[WORK INSTRUCTIONS] Every line from the one holding "My Needs Are" through the one holding "I would like" in the data below must be returned exactly, both ends included, with pictures left out and nothing else added.

[MATERIAL SUPPLIED]

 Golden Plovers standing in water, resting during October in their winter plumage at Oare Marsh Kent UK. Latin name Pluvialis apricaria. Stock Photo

* * *

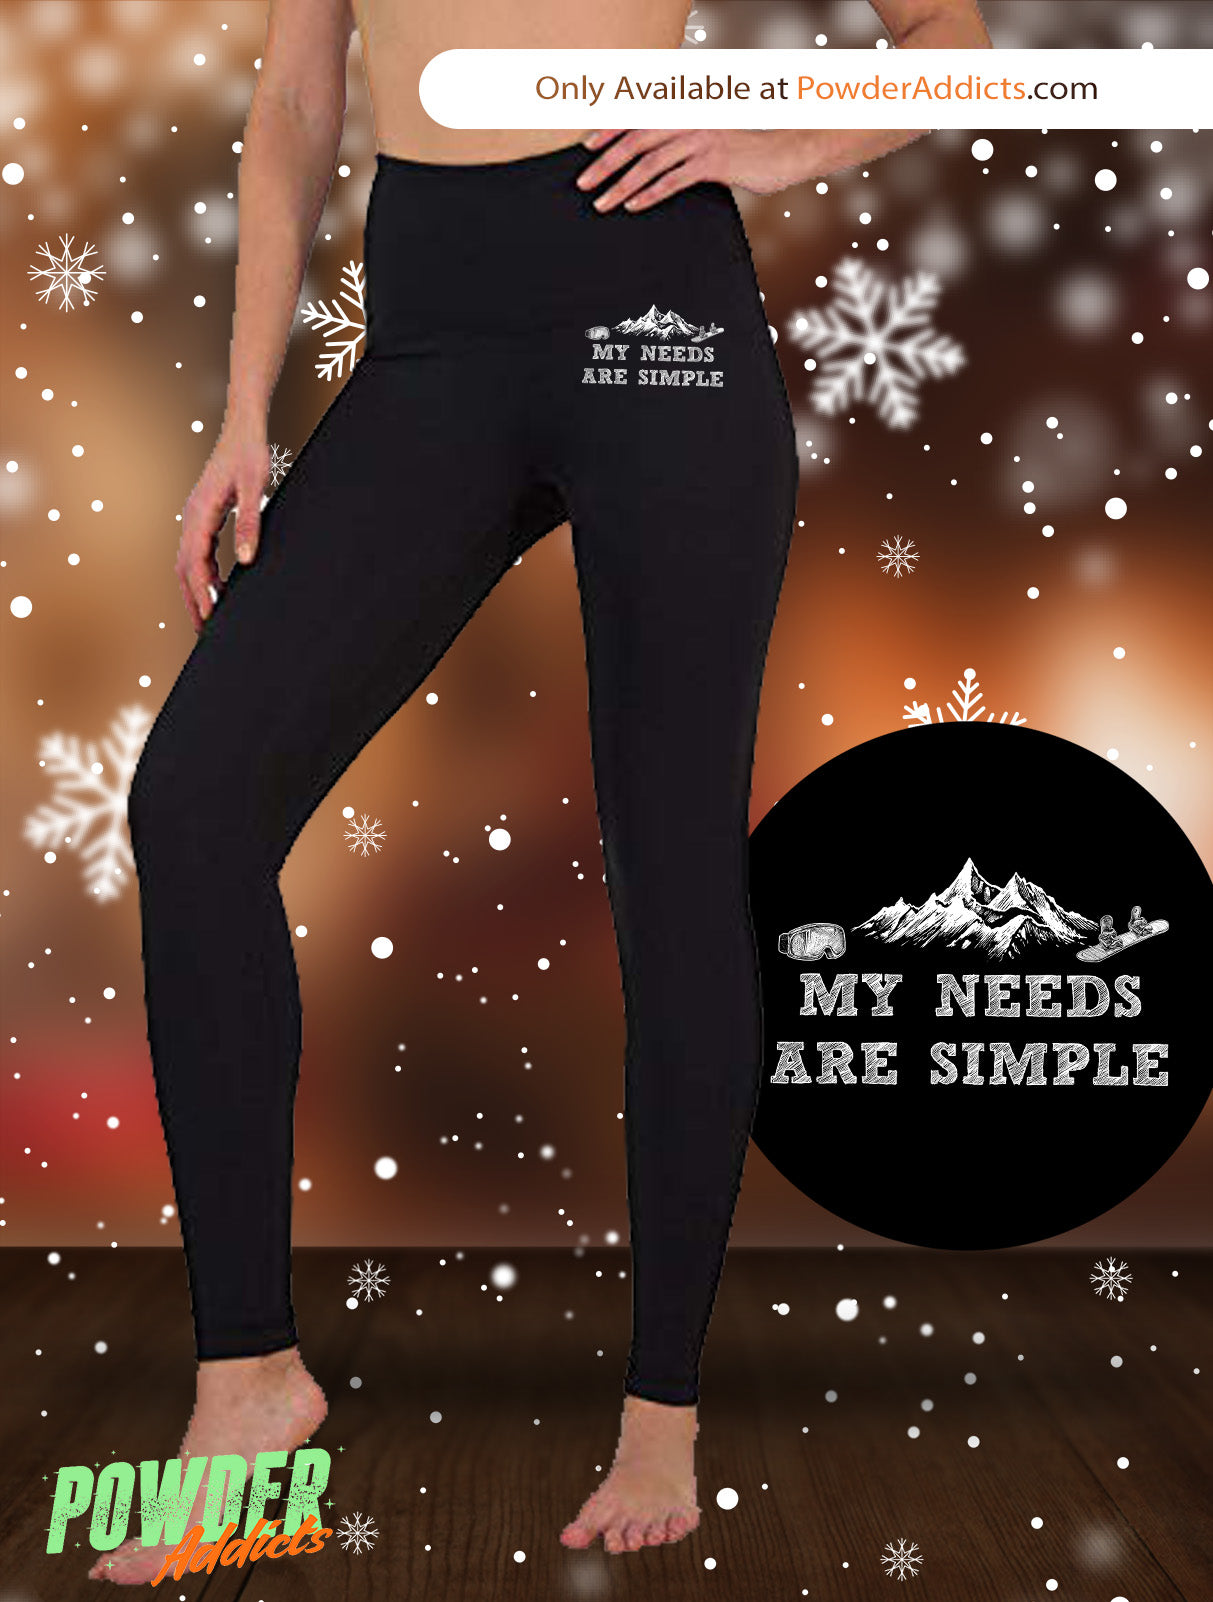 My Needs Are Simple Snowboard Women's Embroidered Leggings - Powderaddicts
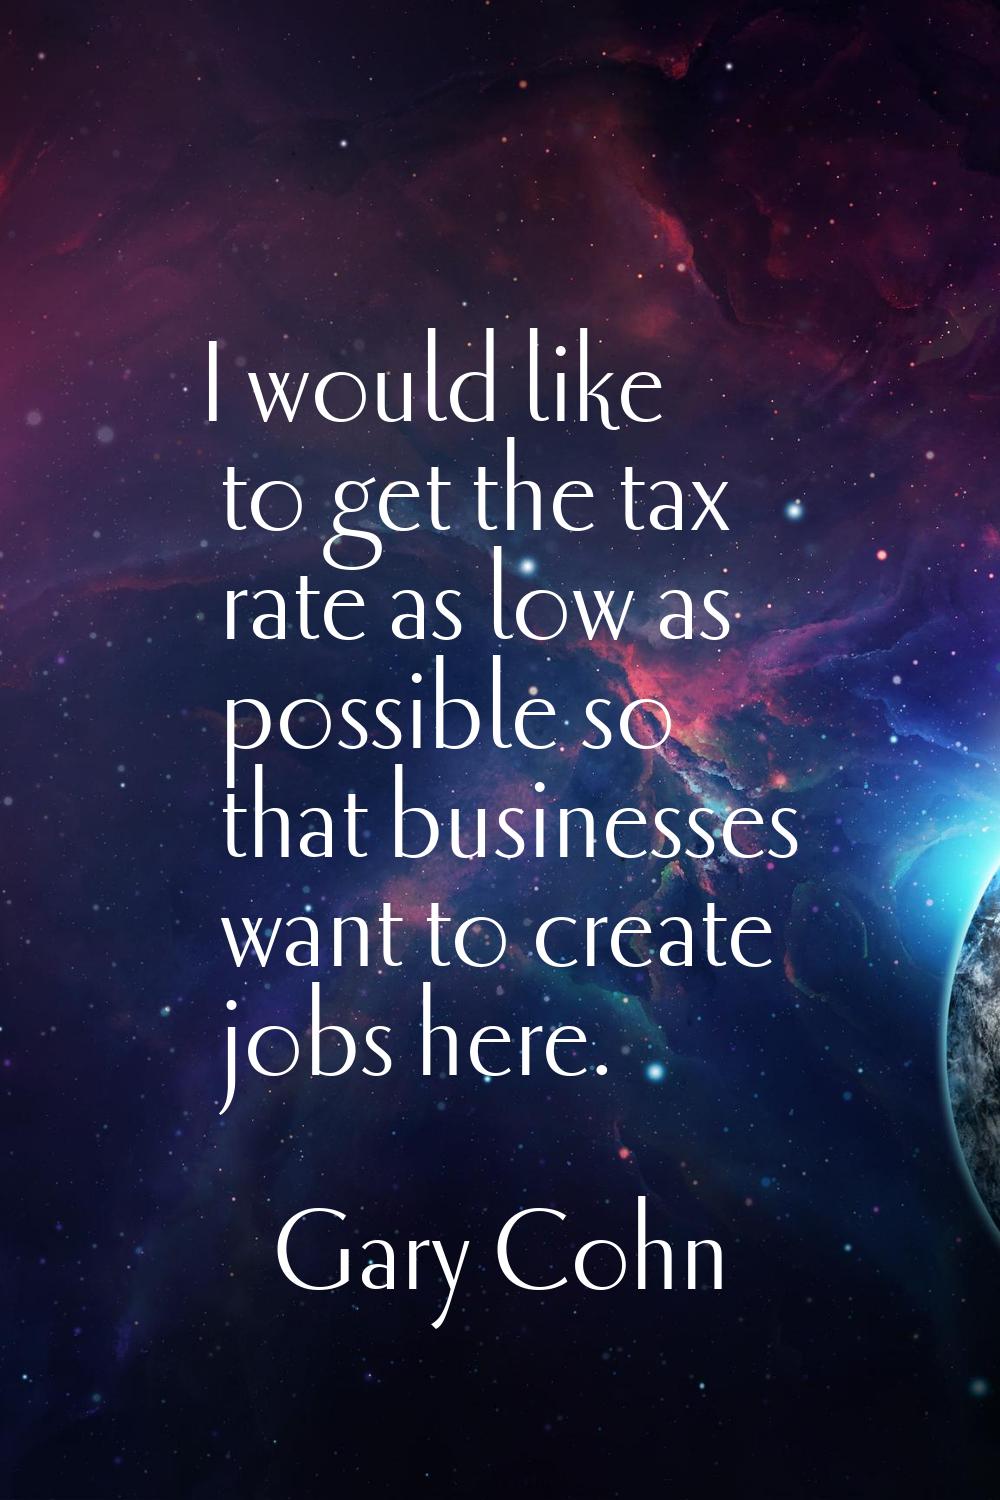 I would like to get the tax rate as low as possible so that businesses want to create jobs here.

...

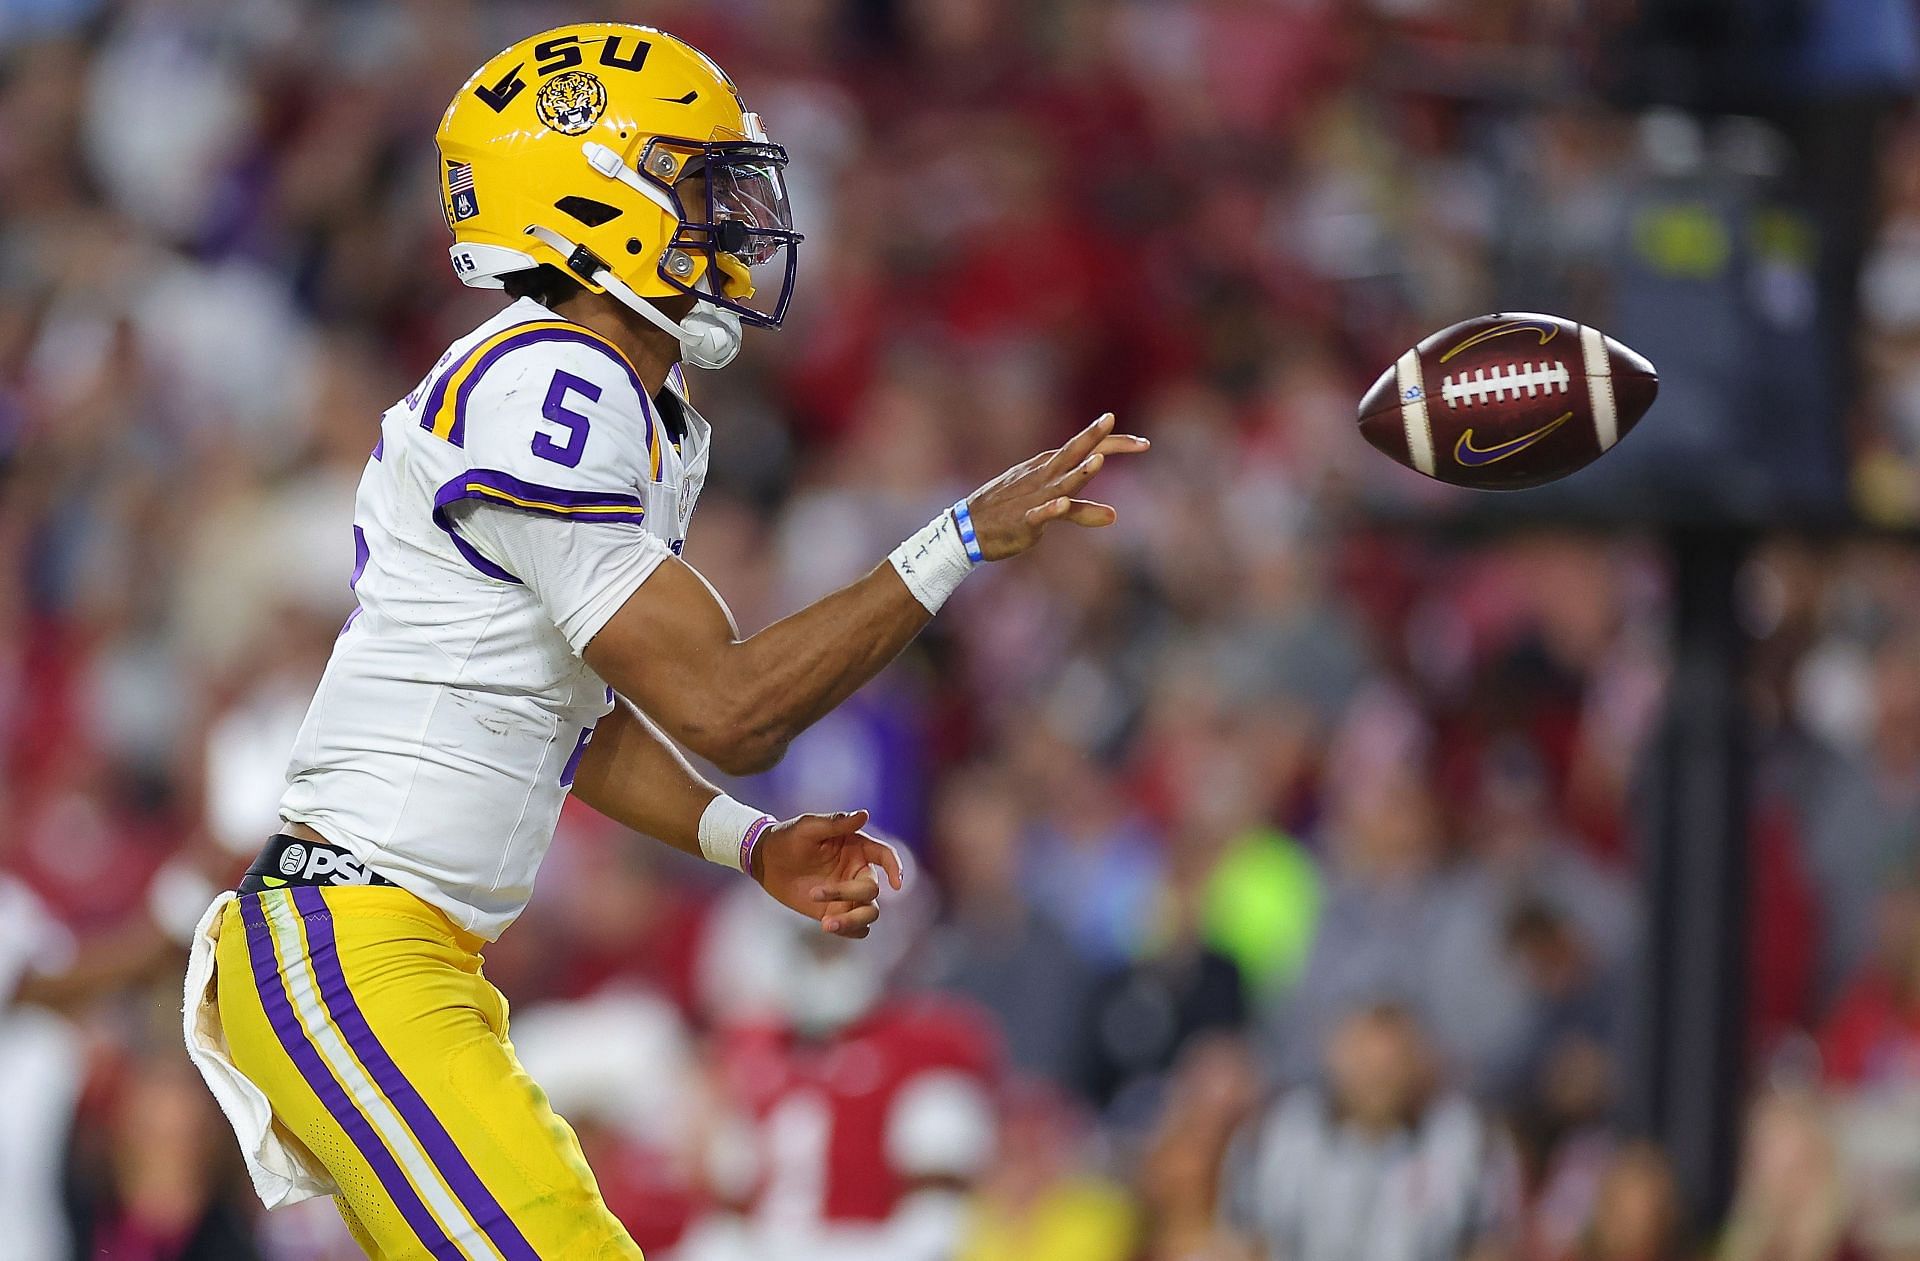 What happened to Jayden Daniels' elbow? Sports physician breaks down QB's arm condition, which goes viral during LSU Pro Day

[EXERCISE RESPONSE]
 My Needs Are Simple Snowboard Women's Embroidered Leggings - Powderaddicts
 I would like to get the tax rate as low as possible so that businesses want to create jobs here.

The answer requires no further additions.